By including both ResNet-18 and ArchCraft as baselines, we aim to provide a comprehensive evaluation that encompasses both widely used architectures and those specifically designed for superior CL performance.
Question3: Concern about the using of ResNet18 on CIFAR-100.
Please see our response to Weakness 2
Question4: Concern about the superior plasticity of Dual-Arch compared to Pla-Net.
We appreciate the reviewer's insightful question regarding the mechanism by which the stable learner in Dual-Arch exhibits plasticity similar to or even greater than that of a single plastic network, as shown in Figure 4c. We believe that the explanation provided by the reviewer—that the stable learner gains plasticity through learning from the distilled knowledge of the plastic learner—is indeed accurate. Here's a more detailed explanation of how our proposed framework operates: The stable learner, equipped with a stable architecture, is inherently stable. Moreover, its plasticity can be enhanced by learning the distilled knowledge from the plastic learner, which is equipped with a more plastic architecture. This Dual-Arch mechanism allows the stable learner to benefit from the plastic learner's plasticity without compromising its inherent stability.
To address the reviewer's concern more comprehensively, we have conducted additional experiments with single learners trained for twice the number of epochs.
| Architecture | Training Epochs (double for the first task) | AAN (%) |
|---|---|---|
| Dual-Arch (ours) | 100 | 81.47 |
| Sta-Net | 100 | 67.58 |
| Sta-Net | 200 | 69.23 |
| Pla-Net | 100 | 78.75 |
| Pla-Net | 200 | 80.53 |
These results demonstrate that our Dual-Arch method still outperforms using a single Pla-Net, even when the latter receives extended training. This further validates the effectiveness of our approach in balancing stability and plasticity at the architectural level. Moreover, we can observe that the Pla-Net consistently exhibits superior plasticity compared to Sta-Net, which further supports our argument regarding the inherent stability-plasticity tradeoff at the architecture level.

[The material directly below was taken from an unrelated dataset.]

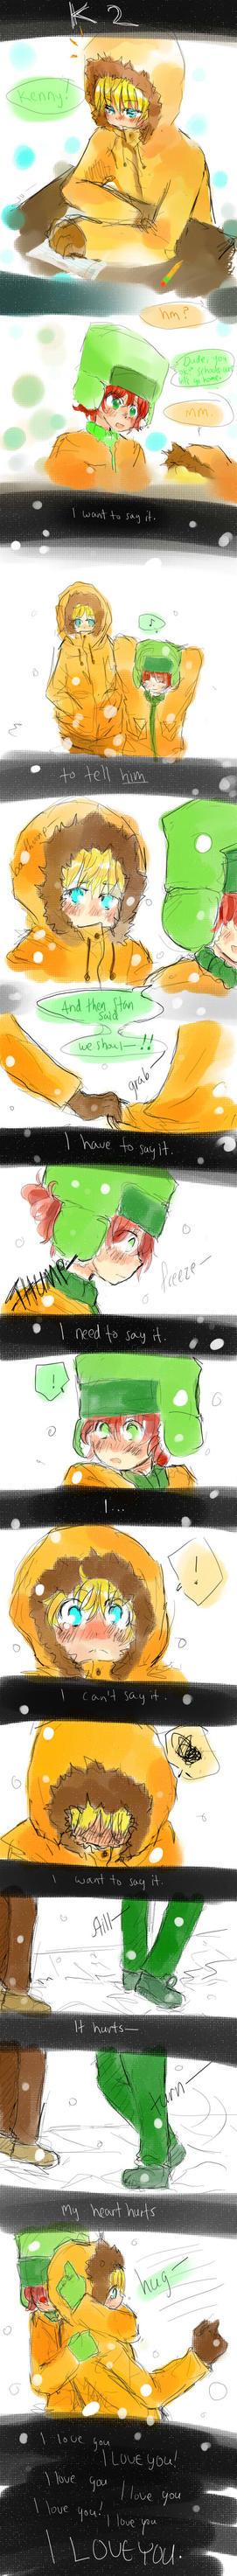 South Park - K2 comic by Burbs-chan
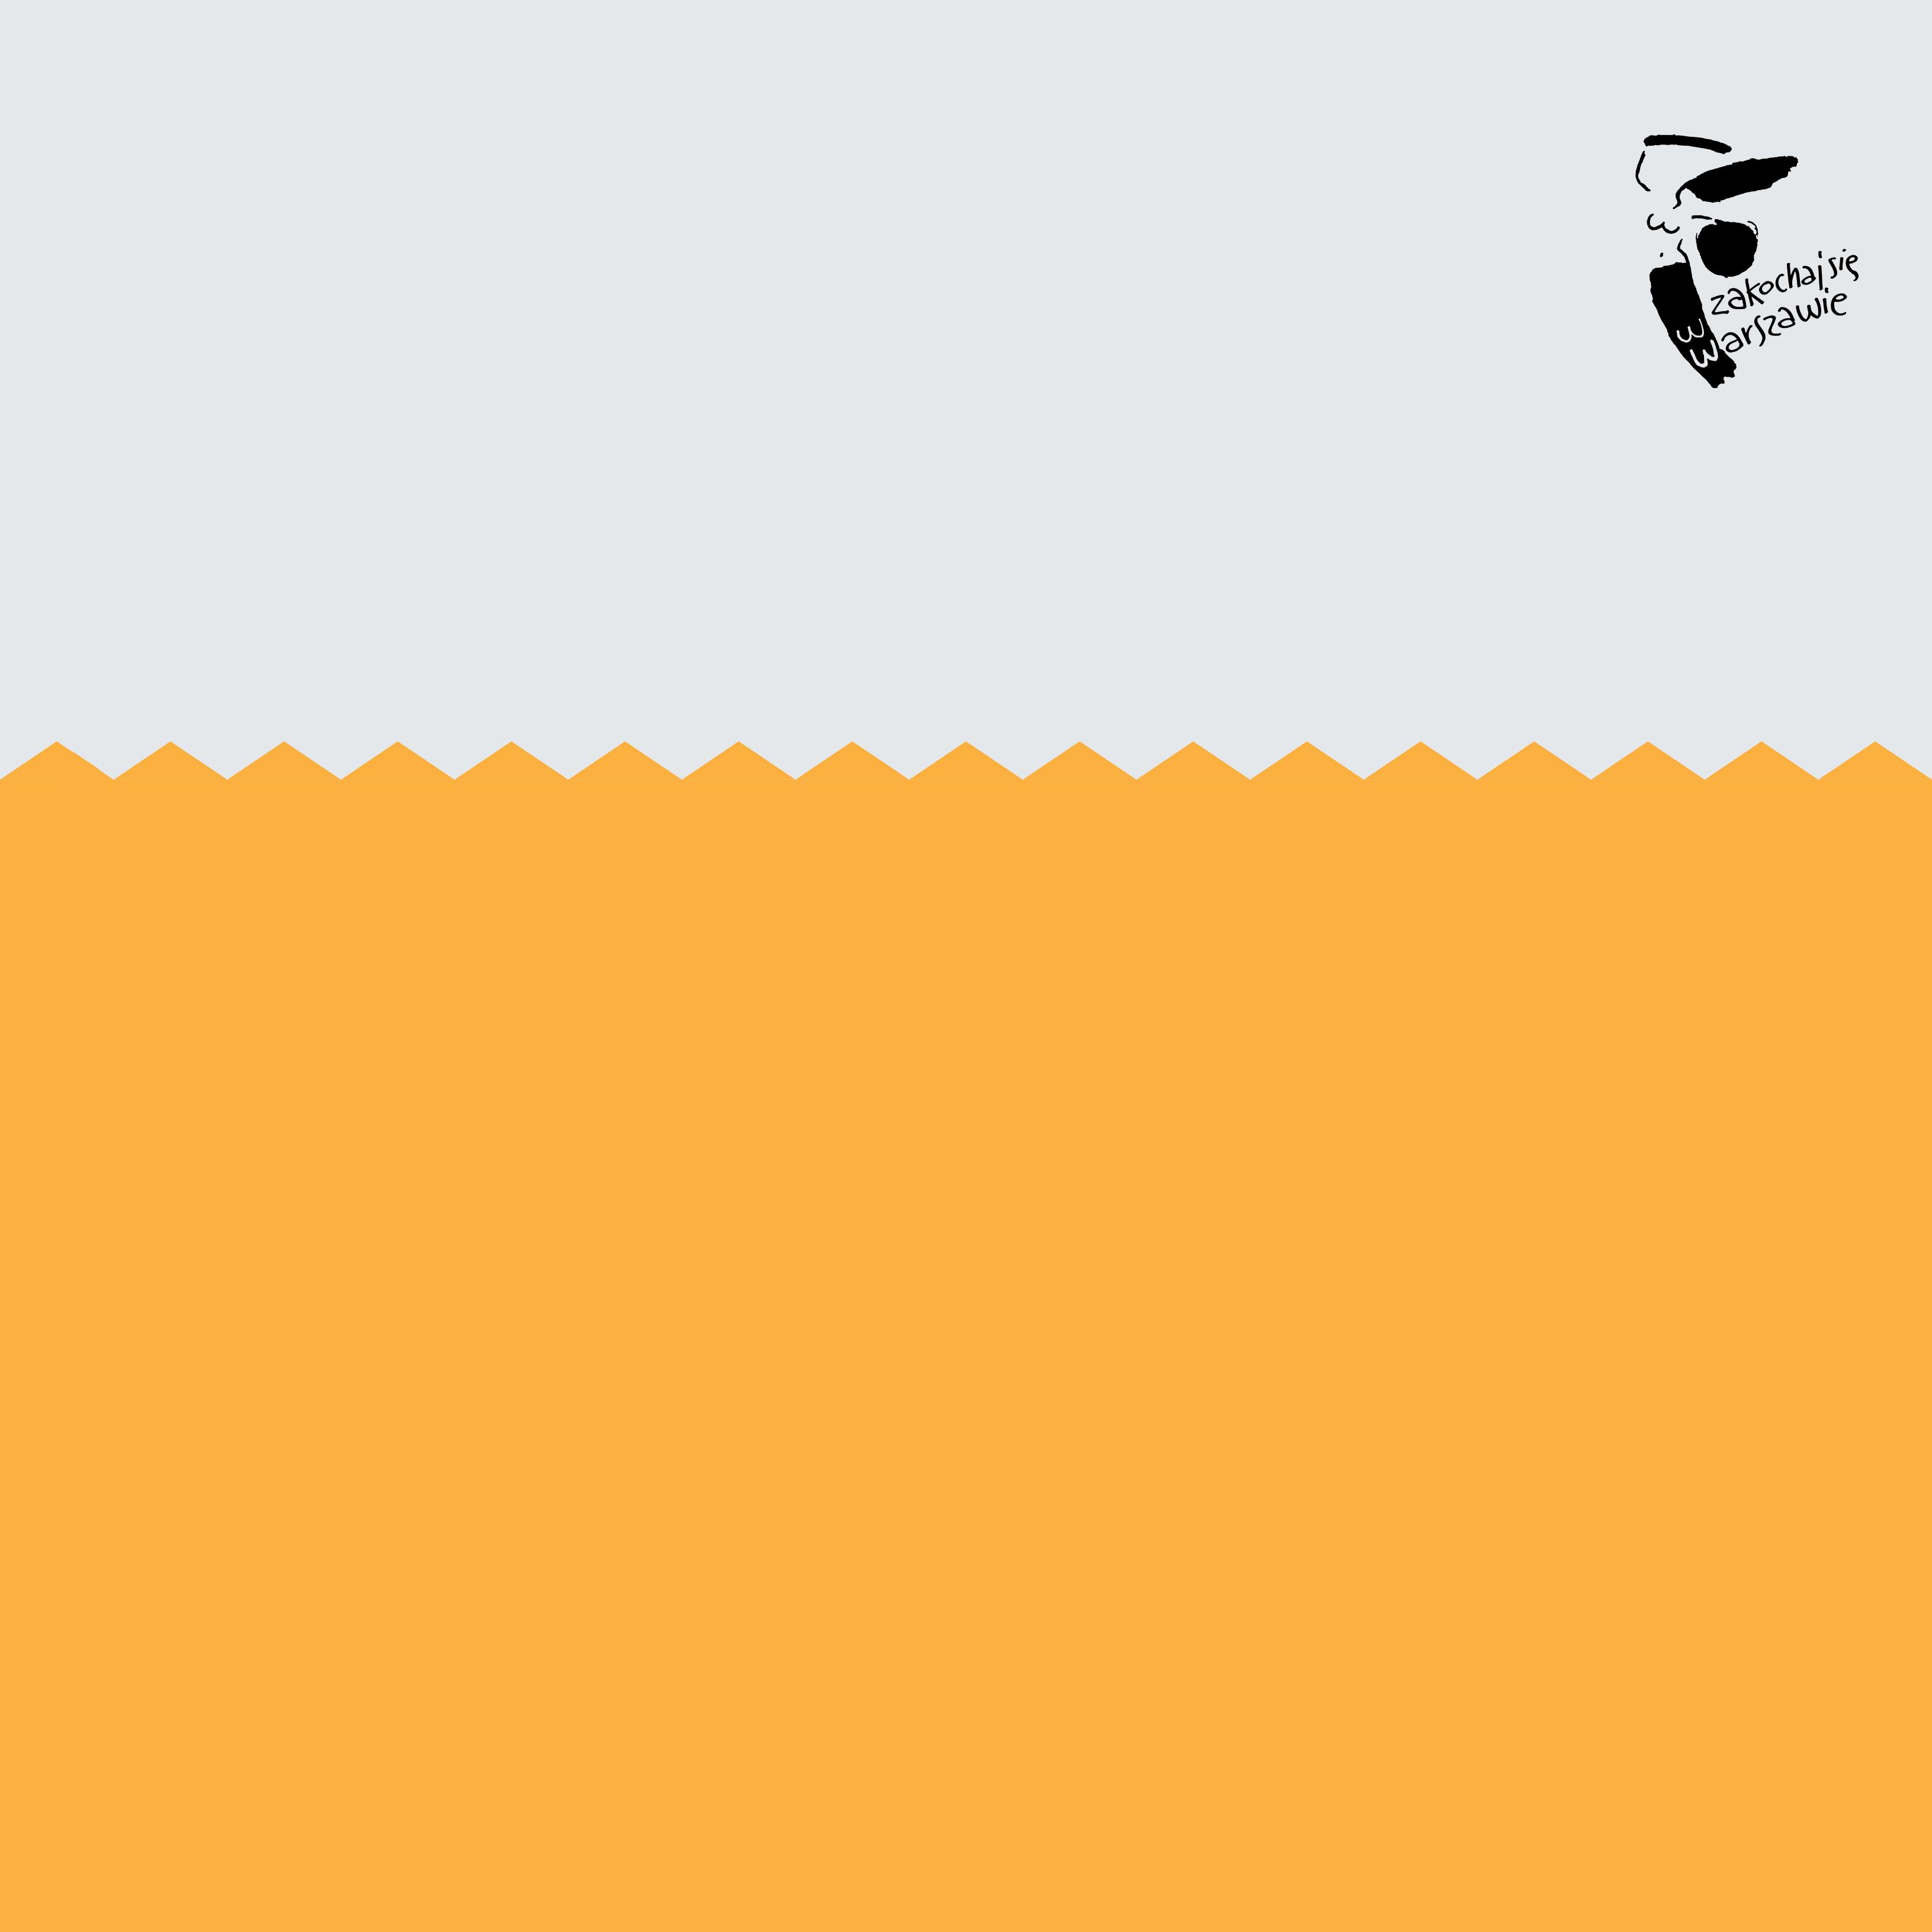 "Zaproszenie na spotkanie online ""Praskie Centrum RE-START"", 31 marca godzina 18:00 na platformie zoom, zapisy na restart@um.warszawa.pl"

I appreciate the extra effort invested by the authors in responding to the reviews and revising the paper. However, I am still concerned about the validity of the main premise ("cornerstone") in which this entire work is based on -- namely that deeper networks exhibit greater plasticity and wider networks exhibit greater stability.
Also, after reading the rest of the reviews, I feel more confident that this paper is not ready for publication.
Thank you for your response. We hope the following additional clarification addresses your concerns.
Concern about the validity of the stability-plasticity tradeoff at the architecture level.
We acknowledge that our methods are based on findings that within a fixed parameter budget, certain architectural designs (wide and shallow) are inherently stable, while others (deep and thin) are plastic. We have conducted various experiments on ResNet and MLP, as shown in Section 3 and A.4, to support these findings. Moreover, these conclusions are partially (i.e., wide and shallow --> stability) corroborated by existing works, such as [1] [2] [3], which we mentioned in the Introduction and Related Works sections.
To further address the reviewer's concern, we conducted a comparative analysis of ViT (specifically, SepViT) with varying depths and widths on ImageNet100/10.
| Depth | Width | #Params | AAN↑ | FAF↓ |
|---|---|---|---|---|
| 11 | 32 | 3.78 | 79.54 | 40.51 |
| 5 | 49 | 3.76 | 78.96 (-0.58) | 39.47 (-1.04) |
It can be observed that under comparable parameter counts and the same training setting, the wider yet shallower variant demonstrates decreases in AAN by 0.78% and FAF by 0.87%, indicating enhanced stability at the expense of plasticity. This trend mirrors that of Table 1 and Table 4 in our paper, thereby supporting our claim.
Additionally, in the initial comments, the reviewer highlighted that one of the strengths of our paper is "The basic idea of the proposed method is based on a sound and clear observation about the relation between a model's architecture and its stability/plasticity characteristics in CL tasks." We would be grateful if the reviewer could provide further insight into what may have contributed to the change in this opinion.
[1] Mirzadeh et al. Wide neural networks forget less catastrophically.
[2] Mirzadeh et al. Architecture matters in continual learning.
[3] Lu et al. Revisiting neural networks for continual learning: An architectural perspective.
Thank you for your response again. We hope that this response addresses your concern. We kindly request further discussion to address specific reasons behind your concern or any other questions you may have.
Dear Reviewer ULta:
Thanks for your careful comments and your time spent on our work. We have revised the paper accordingly and incorporated additional discussions and experiments addressing your concerns.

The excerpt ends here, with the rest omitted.